15 September 2020
Poll-based election forecasts were widely maligned after the 2016 election, and with some justification: Trump won the election when the bulk of the polling said he would not. Forecasts based on polls performed well in 2008 and 2012, with several analysts (including one of us) correctly picking the winner in all fifty states in 2012. And yet the same methodology — using statistical models to combine poll results — did not fare nearly so well just four years later in 2016. The accurate performance of these methods in 2008 and 2012 led many analysts of 2016 polling data to incorrectly predict Trump would lose.

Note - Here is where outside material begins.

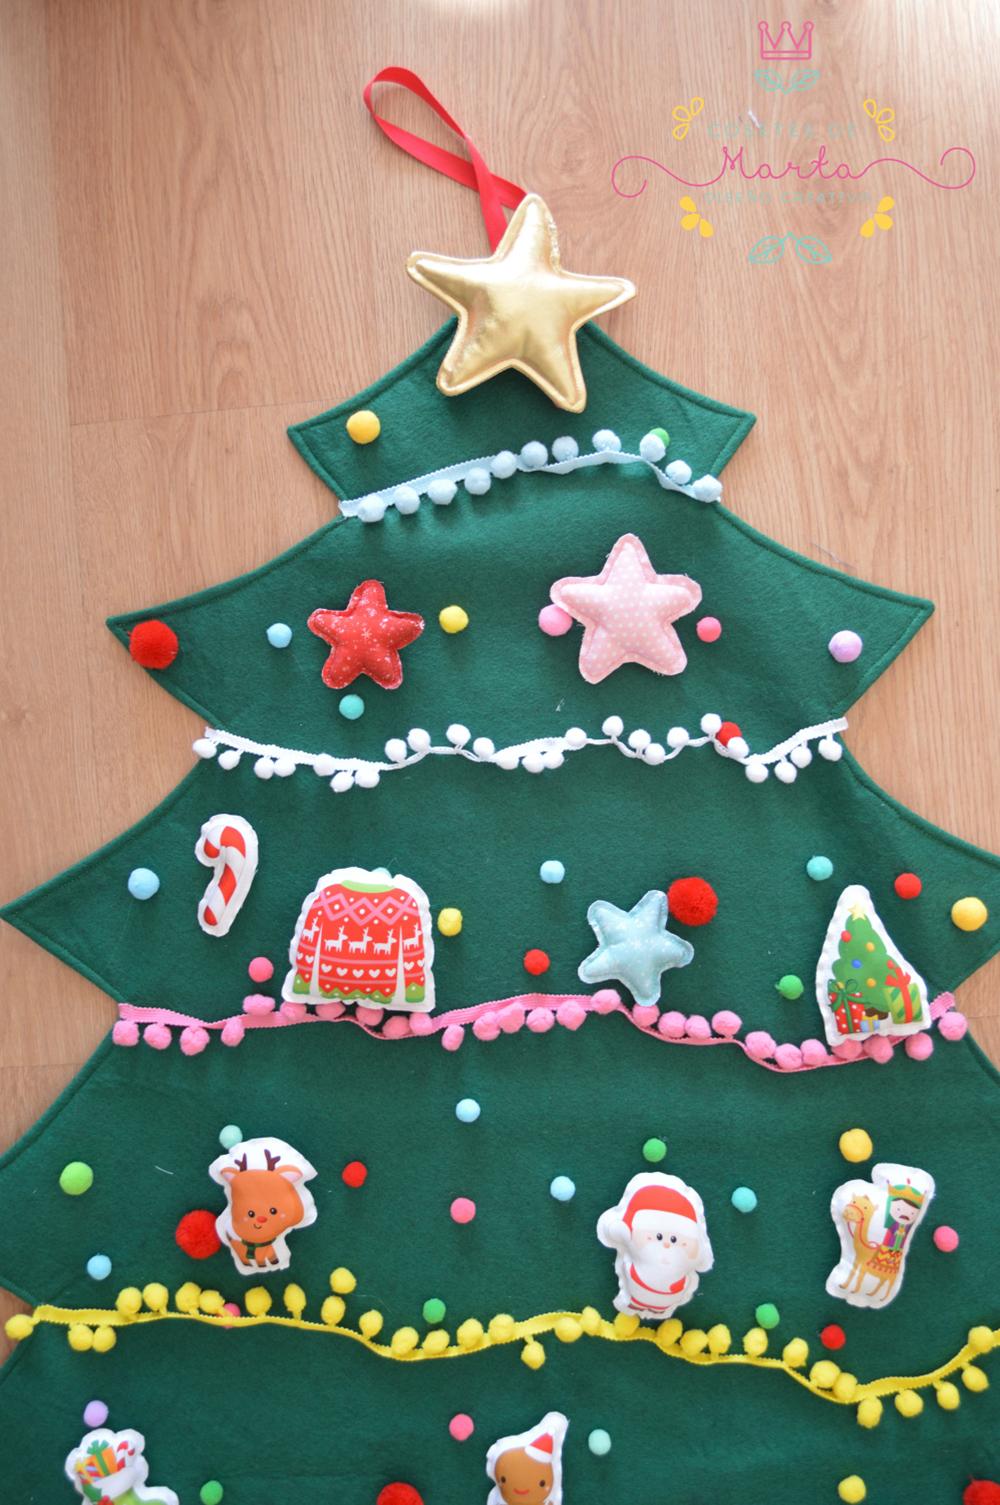 Navidad Navidad dulce Navidad!

With polls currently showing Biden handily leading Trump nationally and in many swing states, in this research note we:
US presidential elections are two-stage, state-by-state contests. In 48 of 50 states, the winner of the presidential vote in each state wins that state’s entire Electoral College delegation.[^1] For the fifth time in American history, the 2016 election produced a mismatch between the “popular” or national vote and the Electoral College outcome.[^2] In winning a number of key, moderately-sized states by small margins — most notably, Michigan, Wisconsin and Pennsylvania — Trump efficiently converted his 46 per cent of the national vote into 56.5 per cent of electoral votes (EVs) (304 out of 538, with 270 EVs needed to win the presidency). Conversely, Clinton effectively “wasted” some of her 48 per cent of the national vote in winning large states by large margins (e.g., California, New York, Illinois, Massachusetts).

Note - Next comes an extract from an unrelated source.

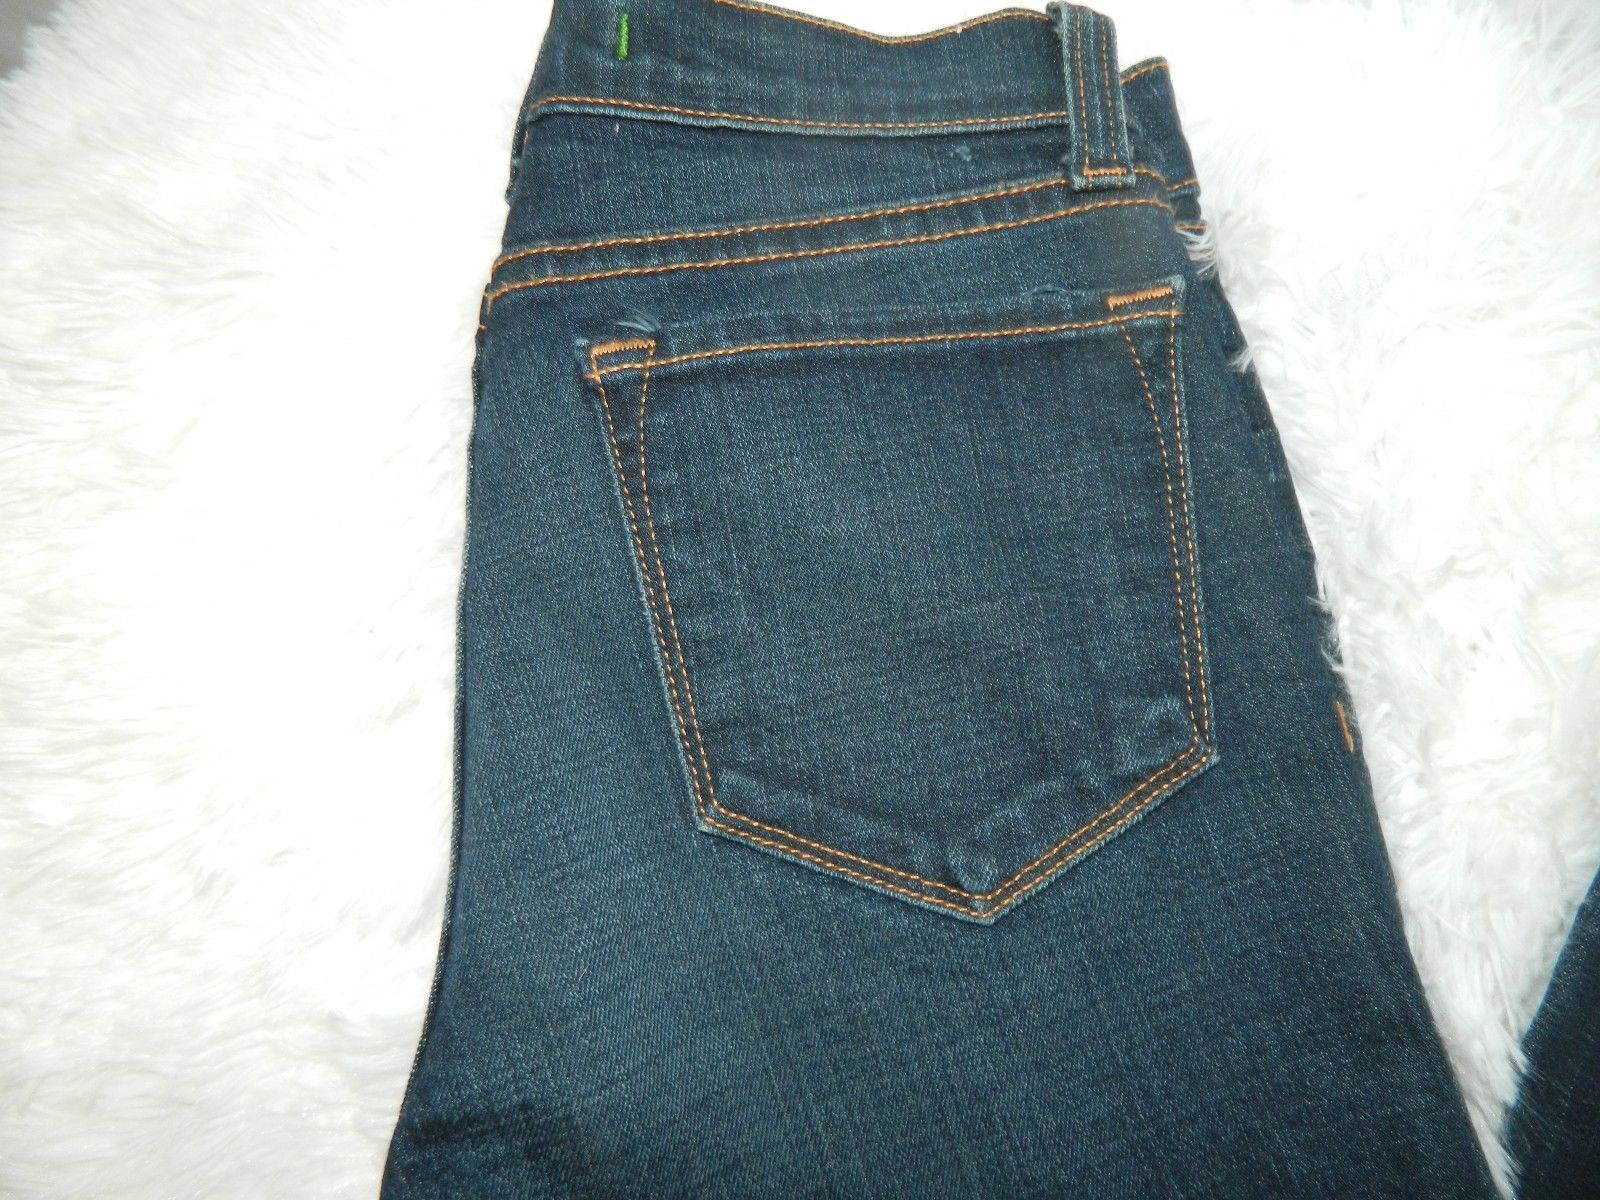 J Brand Jeans Straight Leg Jeans  Dark Wash Style #805 Size 25 image 6

For this reason, election analysts focus less on national polls and more on polls from “swing states”. These are states that have swung between the parties in recent presidential elections (e.g., Michigan, Wisconsin, Pennsylvania, Florida, North Carolina), or could be on the verge of swinging (Arizona, Texas and Georgia on the Republican side, Minnesota on the Democratic side). These states — or even as few as two or three of them — will decide the 2020 election.
The recent history of polls in 11 key states is shown in Figure 1; grey circles are individual polls, the red line is an average of the polls for each state and the lighter, brown line shows the poll average from the corresponding stage of the 2016 election campaign.[^3] Note we include historically safe Republican states, such as Texas and Georgia, where polls have been pointing to surprisingly strong support for Biden, while omitting Nevada where there have been too few polls for any meaningful poll averaging. The brown lines show poll averages from 2016 at the equivalent stage of the campaign; in many key states Biden leads Trump and by margins greater than the leads Hillary Clinton was recording over Trump in 2016.

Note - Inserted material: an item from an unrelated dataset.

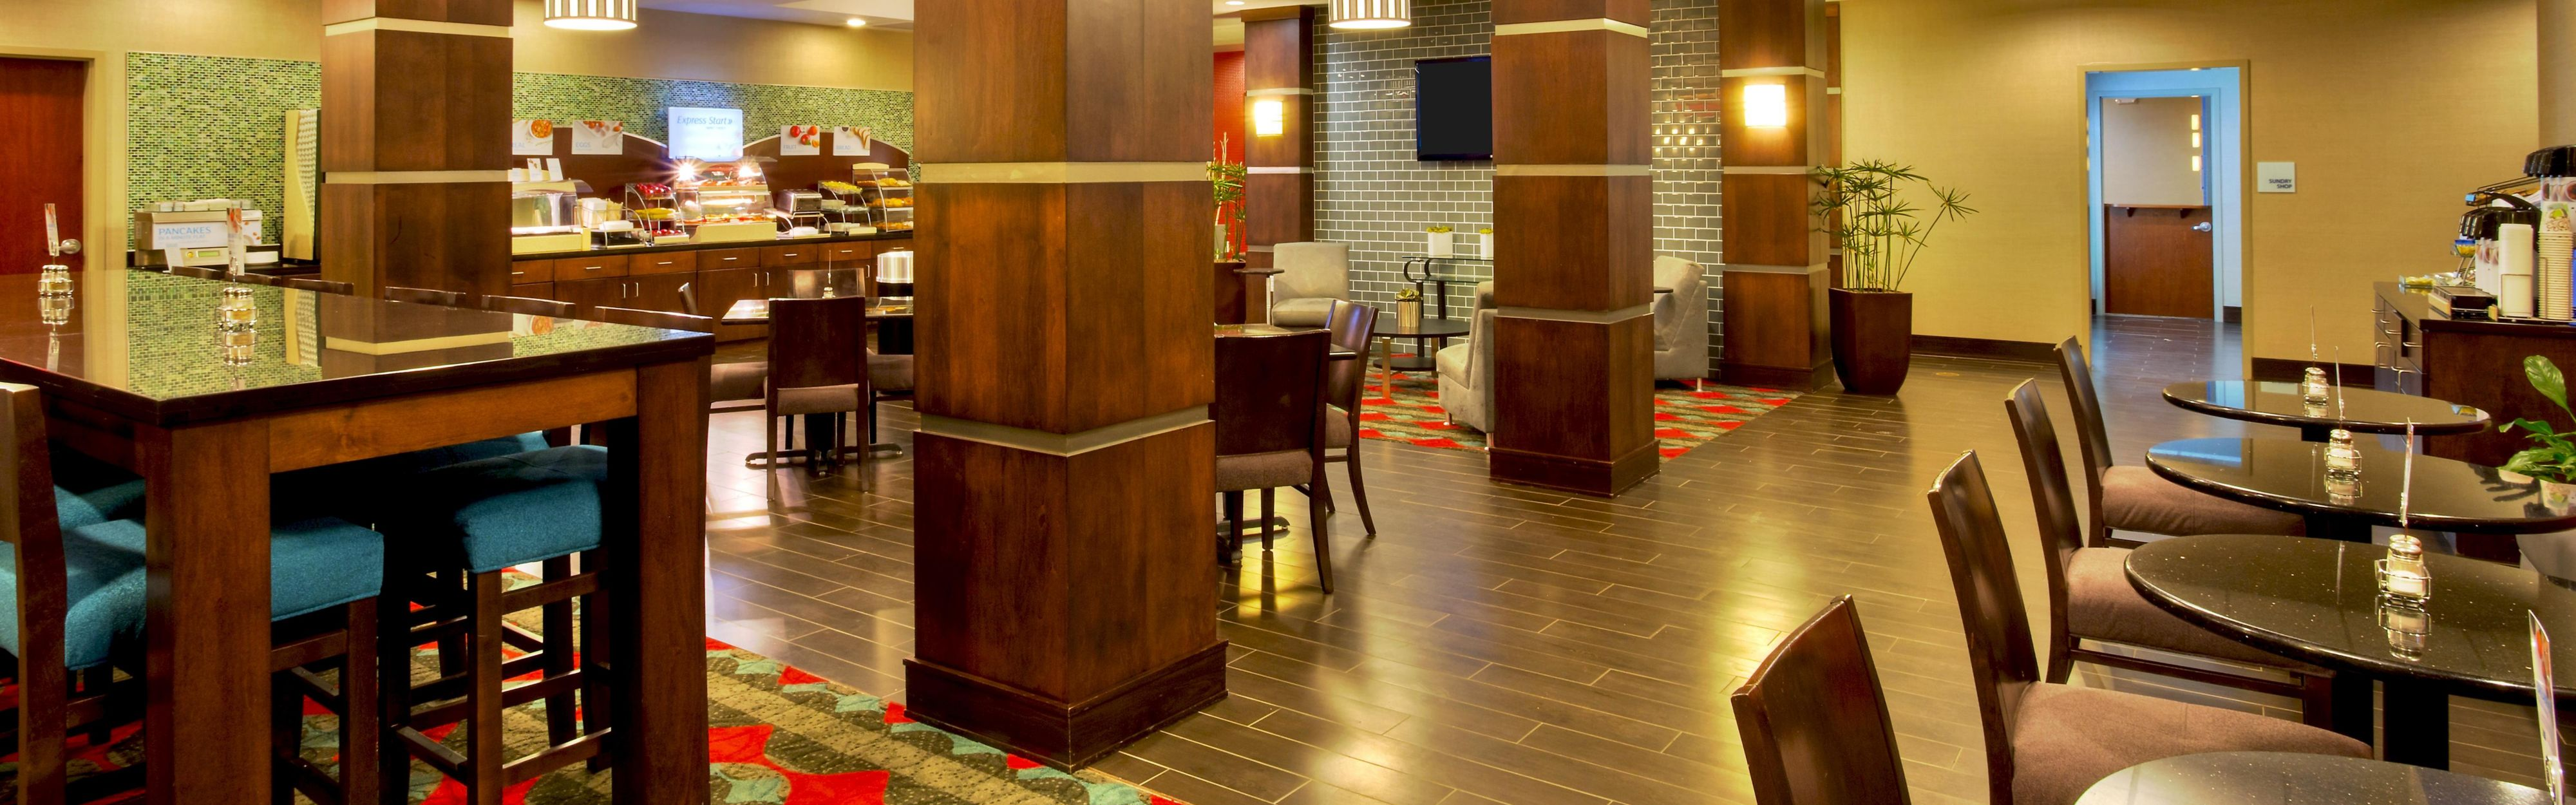 Oak Ridge Hotels Motels

Figure 1. Trump trails Biden in many 2020 swing state poll averages
2020 battleground state polls and poll average, from 120 days prior to the election to the present. Each poll result (circle) is represented as Trump’s lead over Biden, with the size of the corresponding circle proportional to the sample size of the poll; negative values indicate polls where Biden led Trump, positive values the opposite. The red line is the trajectory produced by averaging and smoothing the polls, which is updated when new polls are observed. The brown line shows a poll average from each state from the corresponding stage of the 2016 campaign.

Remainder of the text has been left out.